Why was the asian boy made fun of in the locker room? Because of the nipple piercing he had.

your mom

How much dirt is in a 4 by 6 by 8 hole? None its a hole.

Two Jewish kids walked into a bar... mitzvot.

so there was two ducks in a bathtub. one duck says to the other duck, "hey, can you pass me the soap? the other duck says no.

A drunk man into a bar. He is ripping apart a family

Two elephants are in a bath tub.
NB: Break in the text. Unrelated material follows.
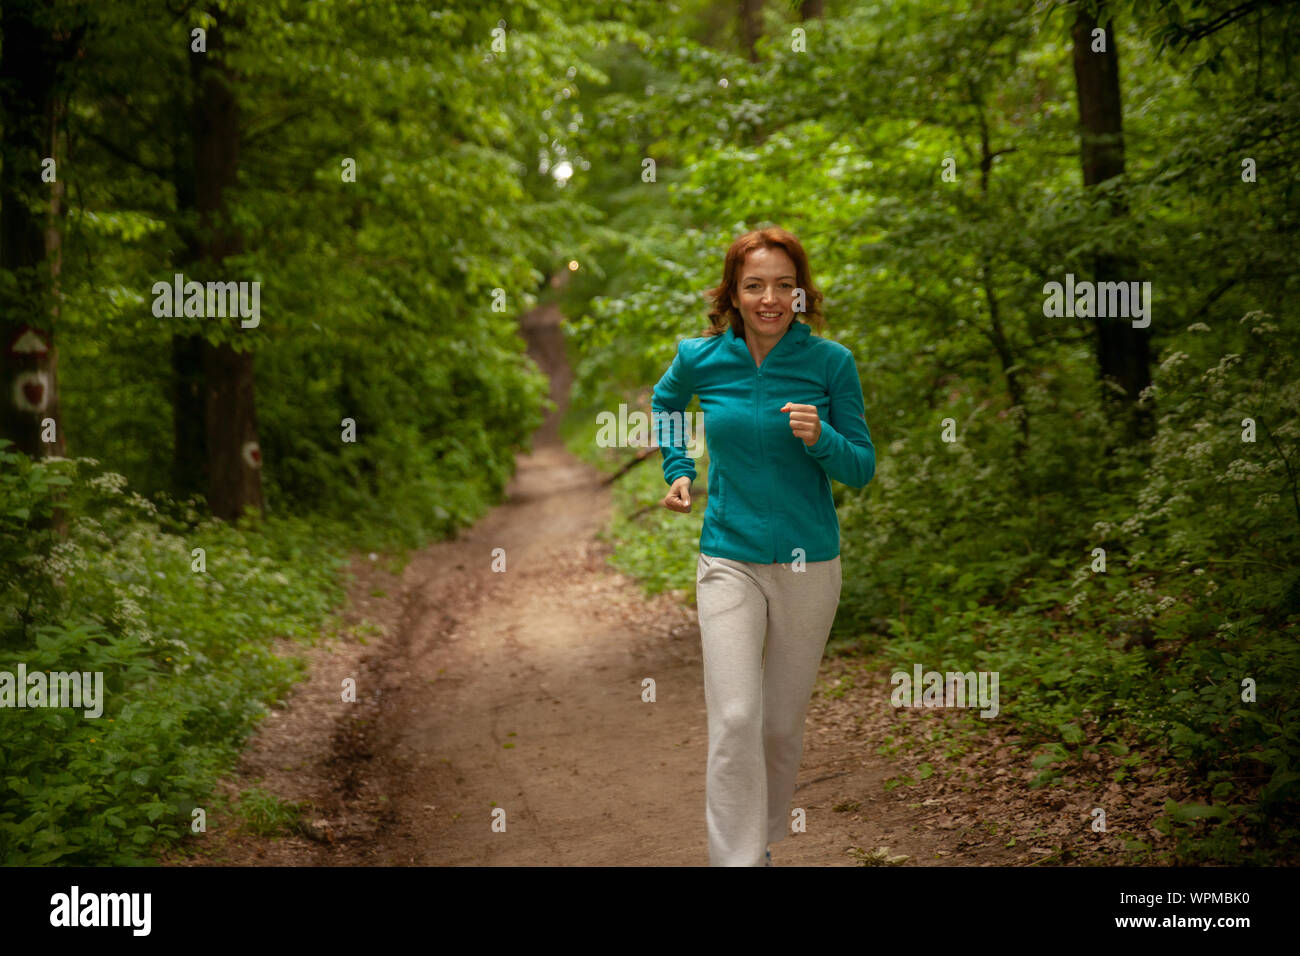 One mature woman, 40-45 years old, jogging in a forest outdoors, in nature. Wearing sport clothing in Spring. Stock Photo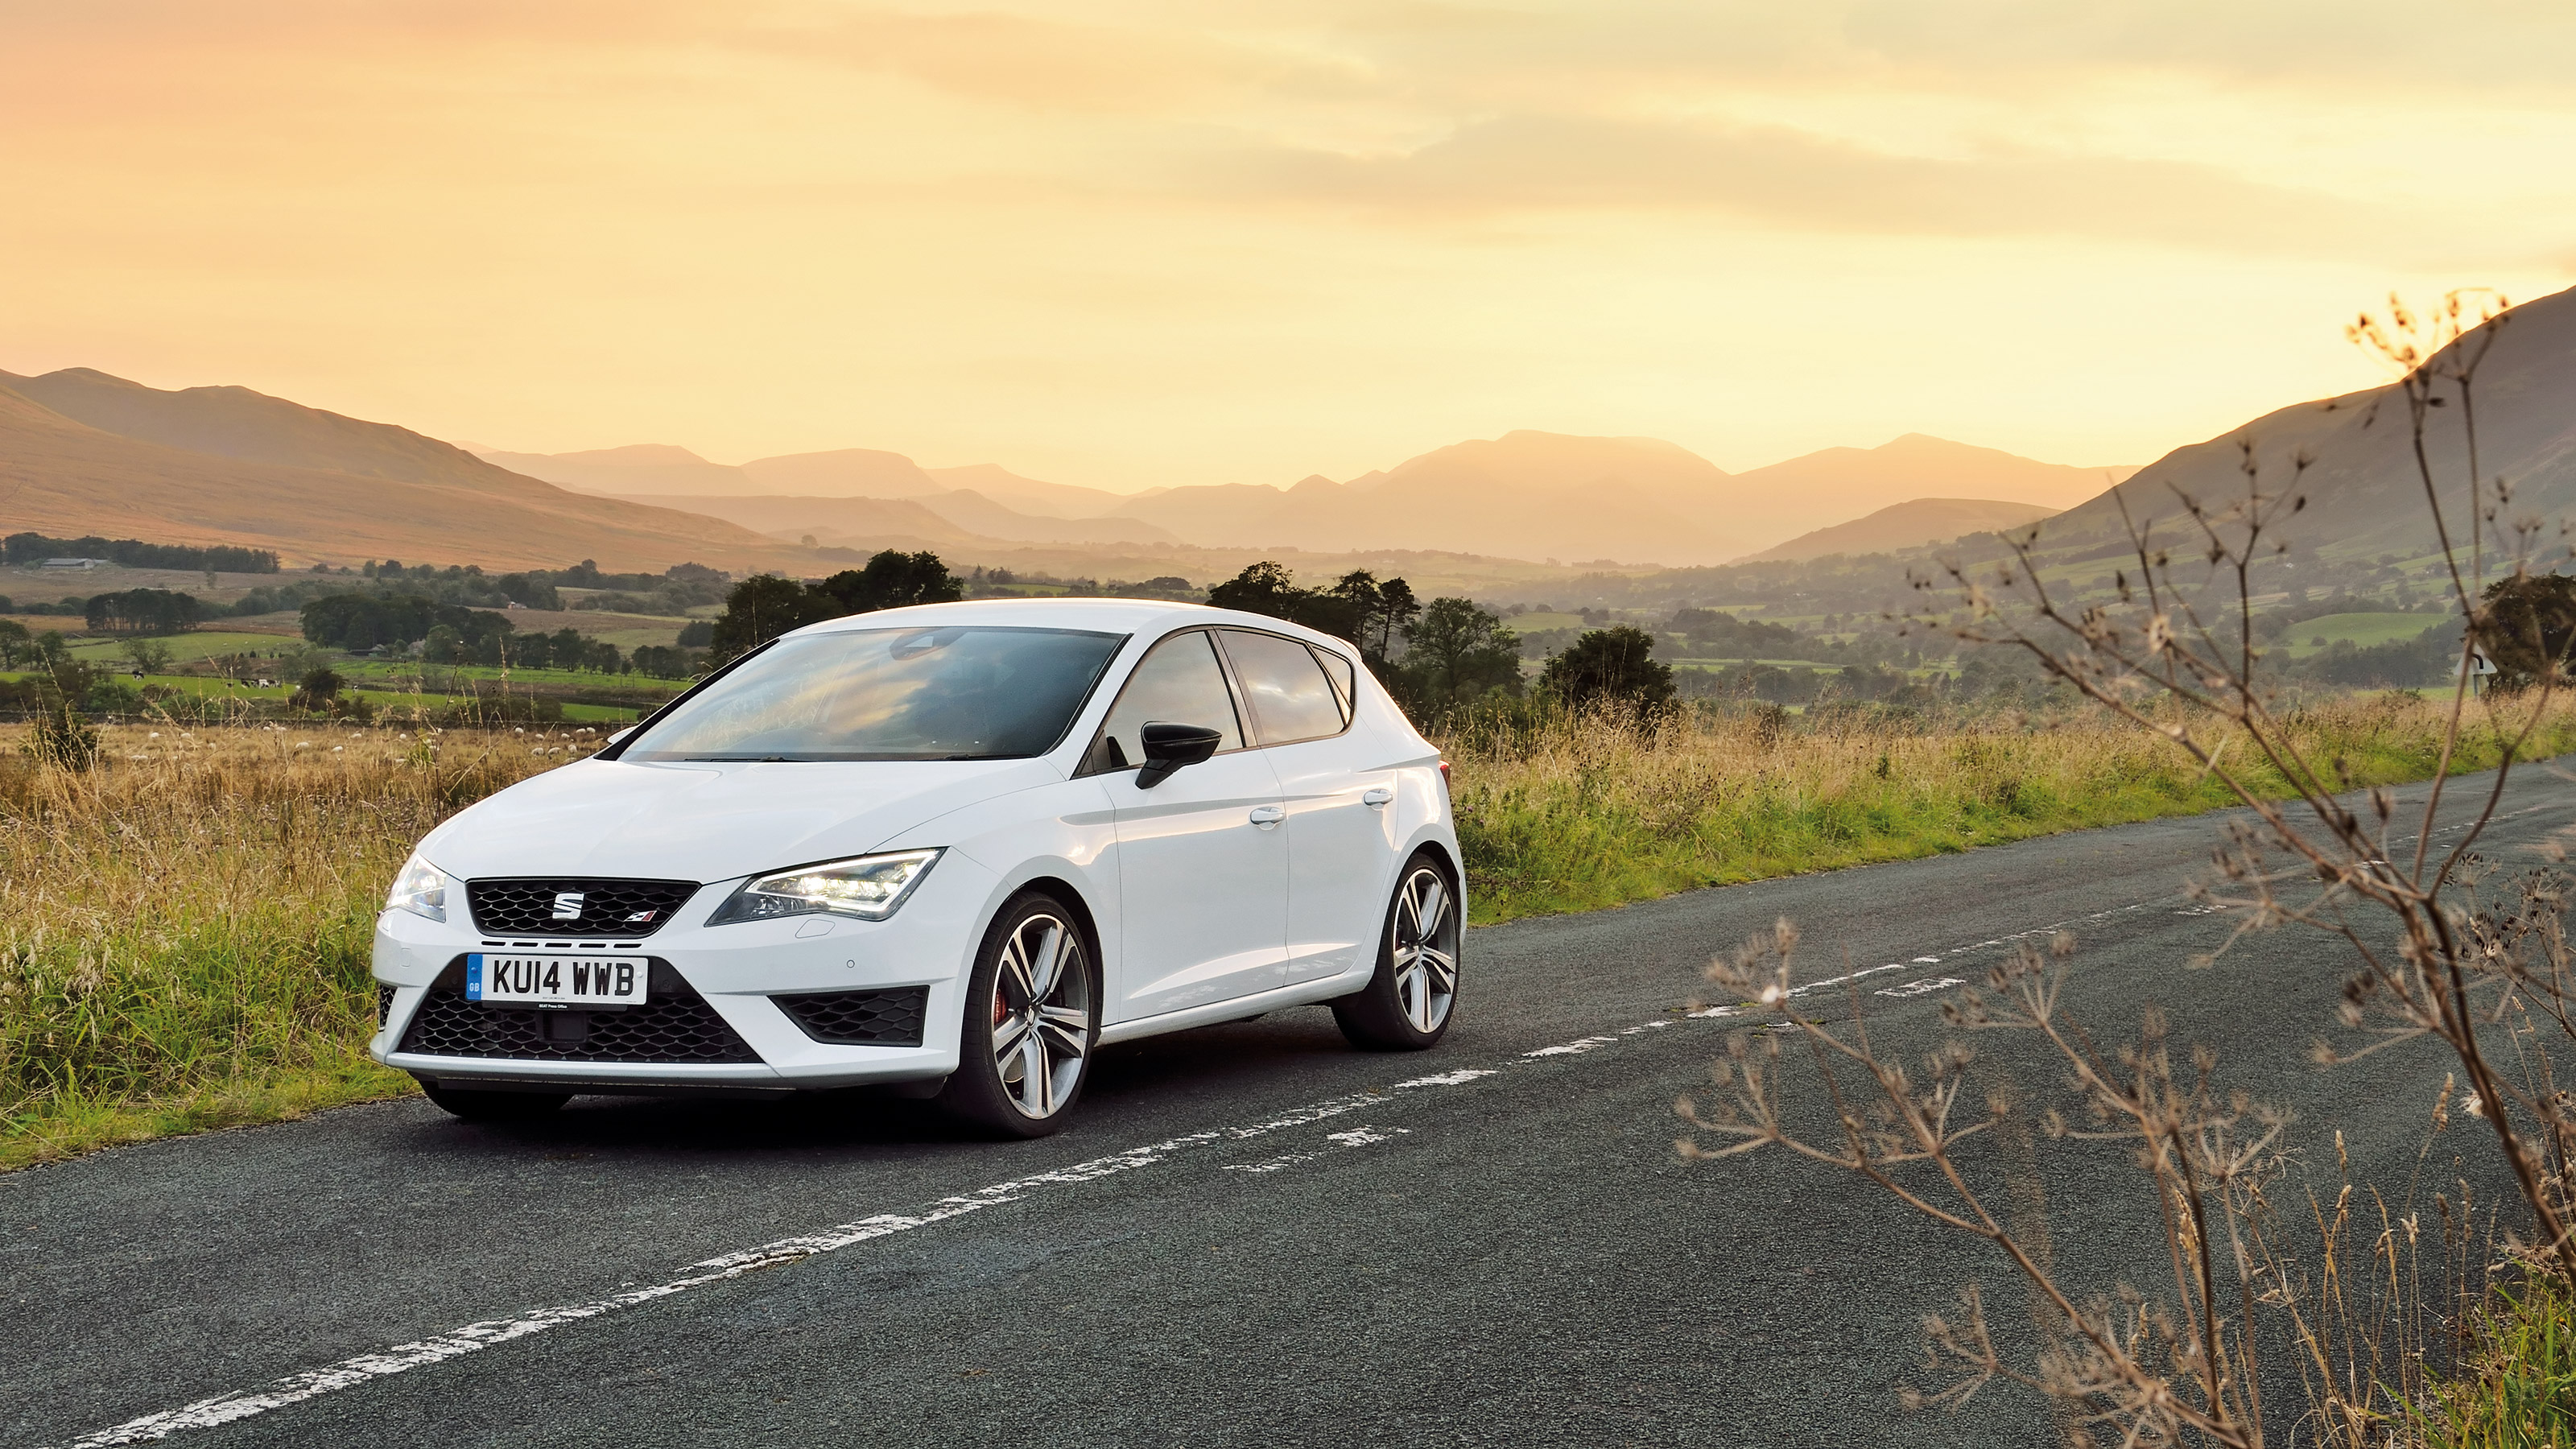 SEAT Leon Cupra 300 review - prices, specs and 0-60 time

The first elephant says to the other elephant, "can you pass the soap?" The second elephant then replied, "No soap, radio."

What starts with F and ends with Uck? F U C K

What do you think when you see an asian woman behind the wheel of a car? She's very attractive.

Roses are red Violets are blue Some poems rhyme This one doesn't

LO LLLLLLLLLLLLLLLLOLOLOLOLOLOLOLOOPLOLOLOLOLOLOLOLOLOLOLOOLOLOLOLOLOLOLOLOLOLOLOLOLOLOLOOLLOLOLOLOLOLOLOOO O O O O O O OLO LOL OL O LO LO LO L OL -LOL GUY

If one train is heading North at 60 mph, na danother train is heading South at 45 mph, how many waffles are on the roof? The answer is purple, because aliens like coffee.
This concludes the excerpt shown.